Happy new year! At least I hope 2009 is a happy one. With this in mind, here's a quickie happiness tip - in a mere 14 words:
It is better to be a little wrong than very right and very alone.
What do I mean by those powerful 14 words?
1. If you're having repeated relationship problems -- consistently thinking "I'm okay, everybody else sucks" -- it's time to start wondering what you (yes, li'l you) might be contributing to those "deja vu people problems" around you.
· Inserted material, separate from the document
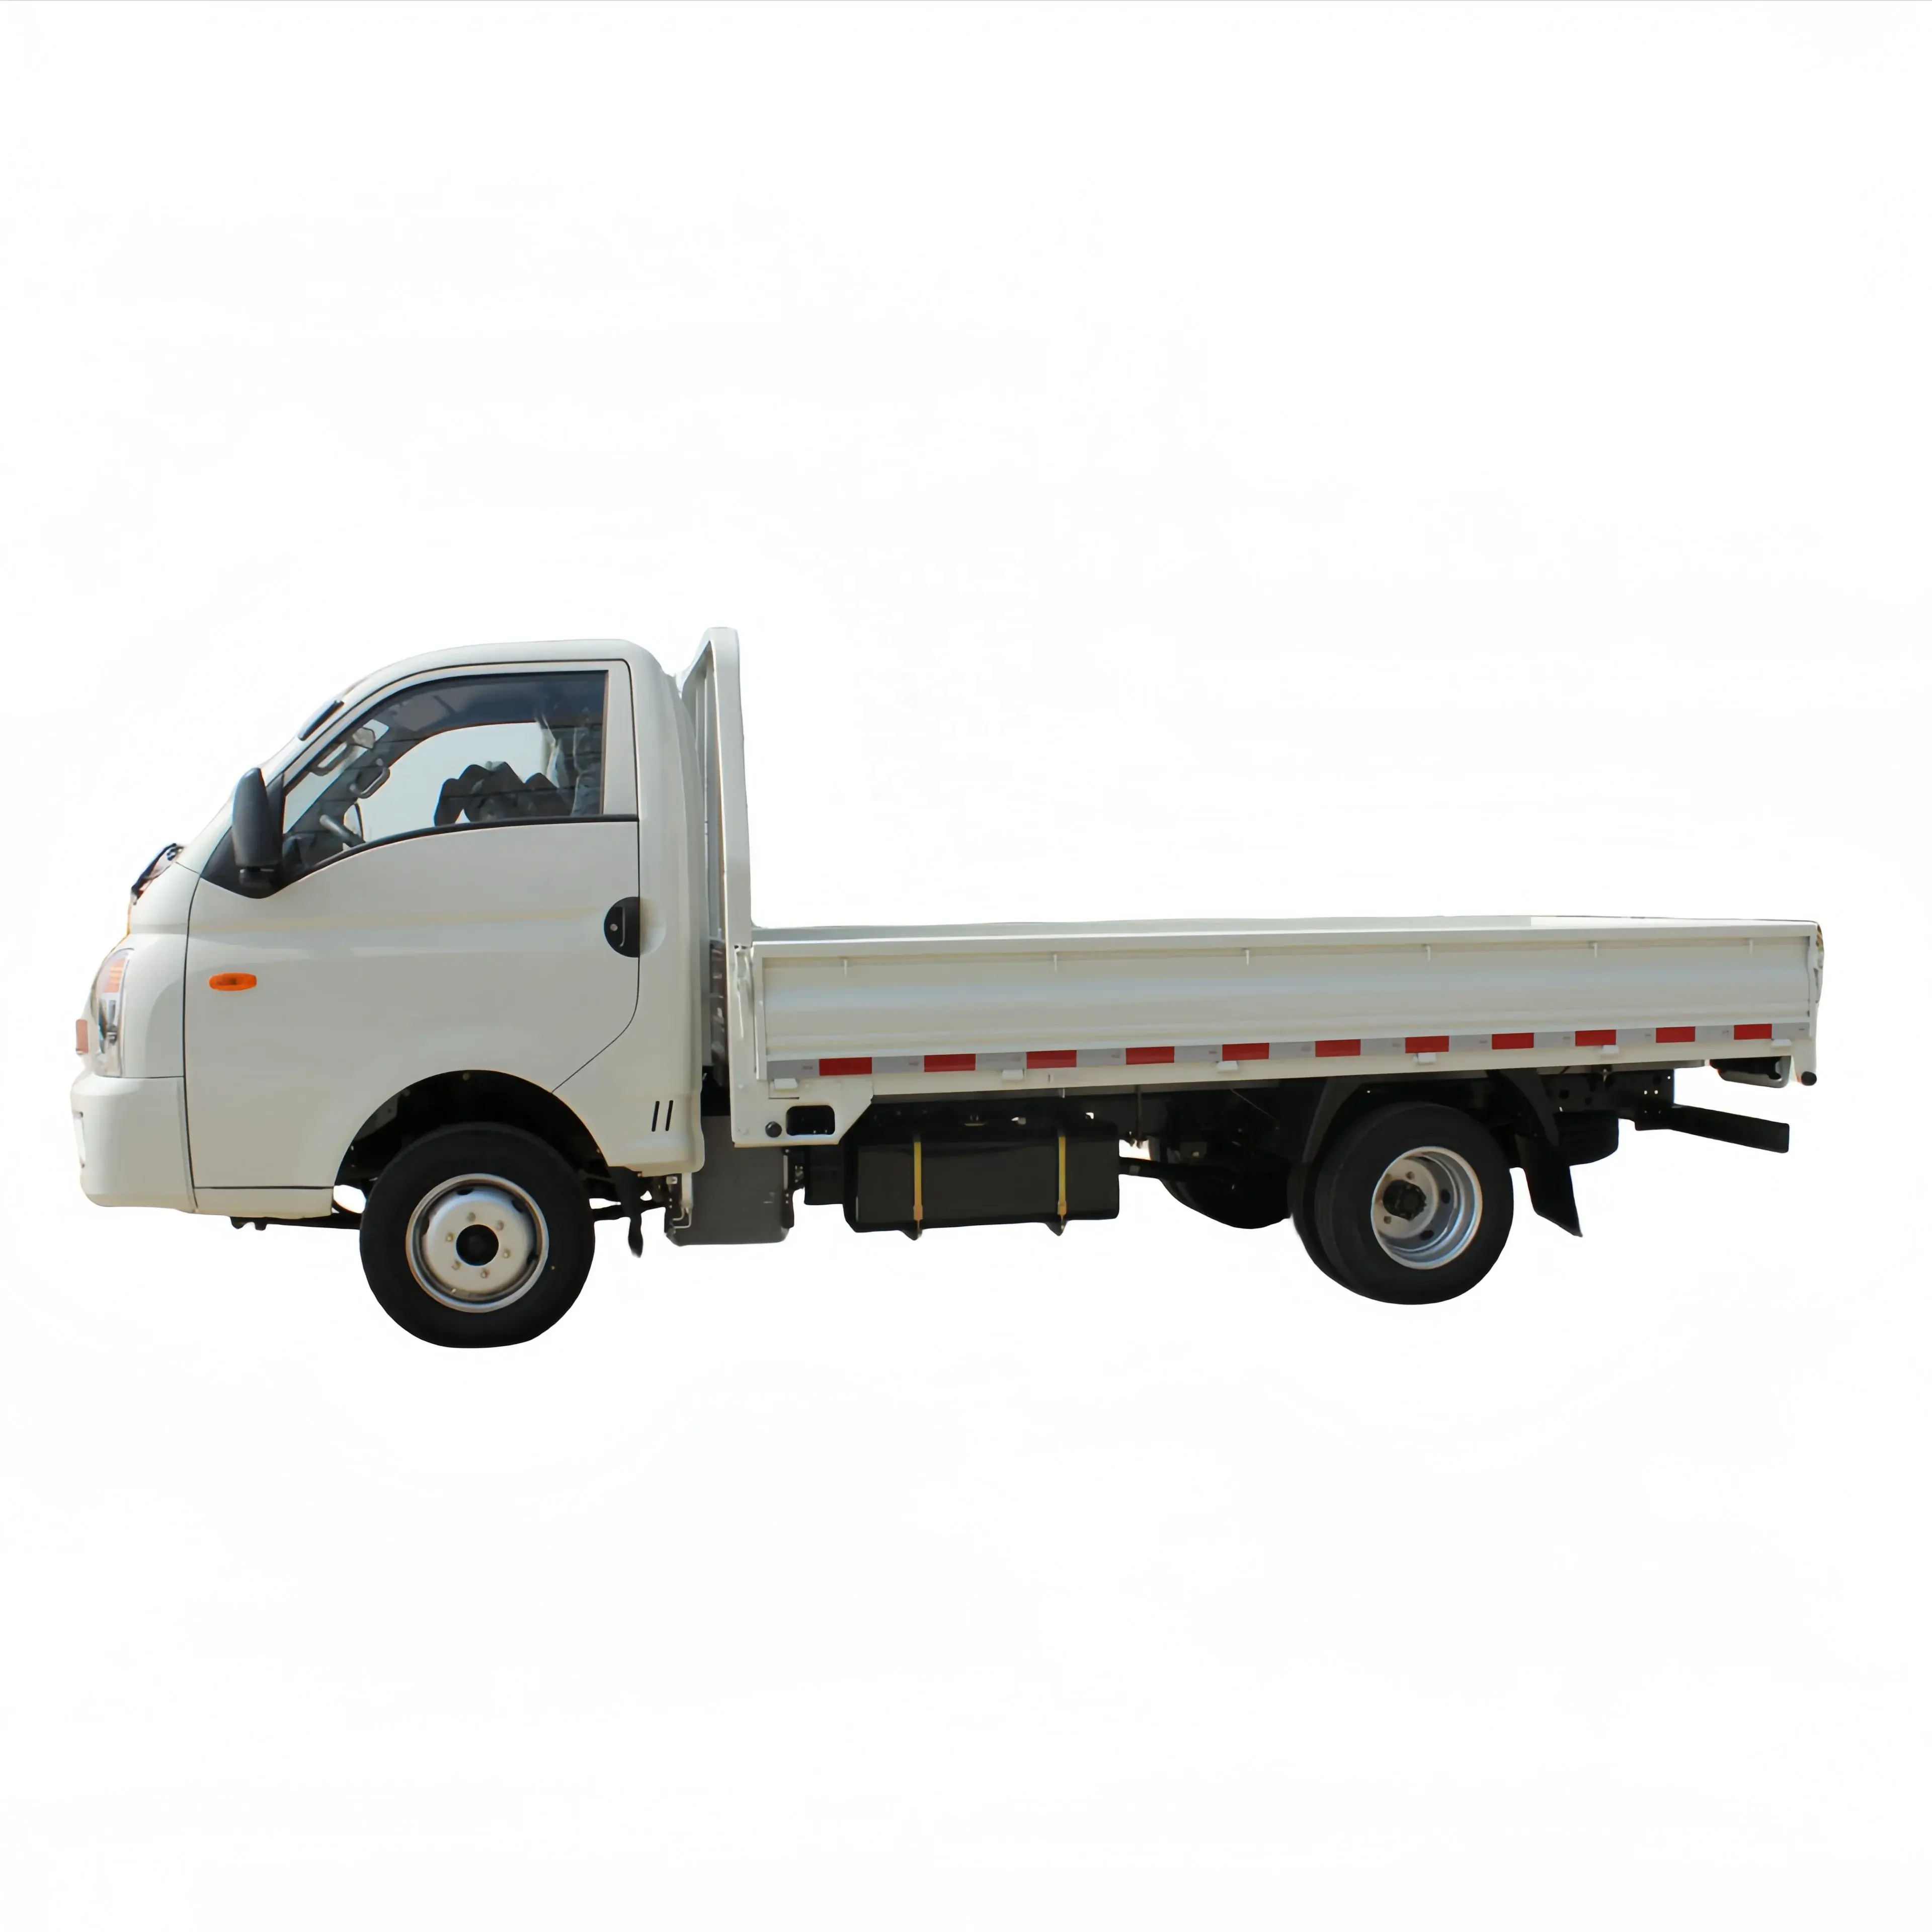 KAMA saf elektrikli mini kamyon hafif kargo kamyon ile büyük uzay ve uzun dayanıklılık kutusu mini kamyon elektrikli suv araba

2. Make sure you're valuing the right qualities in others and yourself. For example, stop over-valuing "unwavering perfection" "unwavering agreement" and "the ability to mindread one's every thought and need without openly communicating." Next up, reappreciate these more important qualities: "loving heart" "wanting clarity and communion via honest dialogue" "appropriately-sized ego which is open to new POV's" and "flexible, growth-oriented nature." Keep these qualities in mind next time you're in a conflict with someone.
3. Consider saying the following tongue-twisters more to people: "How do you see things?" "How might I have hurt you?" "How could I better empathize with what you're going through?" "You talk first -- because I really want to hear how you feel and understand you better." "I really want to grow as a person and am willing to hear how I might have contributed to your hurt and/or anger." "I'm sorry." "I apologize."
This year promise yourself that next time you're in conflict with someone you will ask yourself if you really do find it so joyously preferable to feel so very, very right all the time. Because if you do, you will repeatedly -- simultaneously -- wind up finding yourself very, very alone.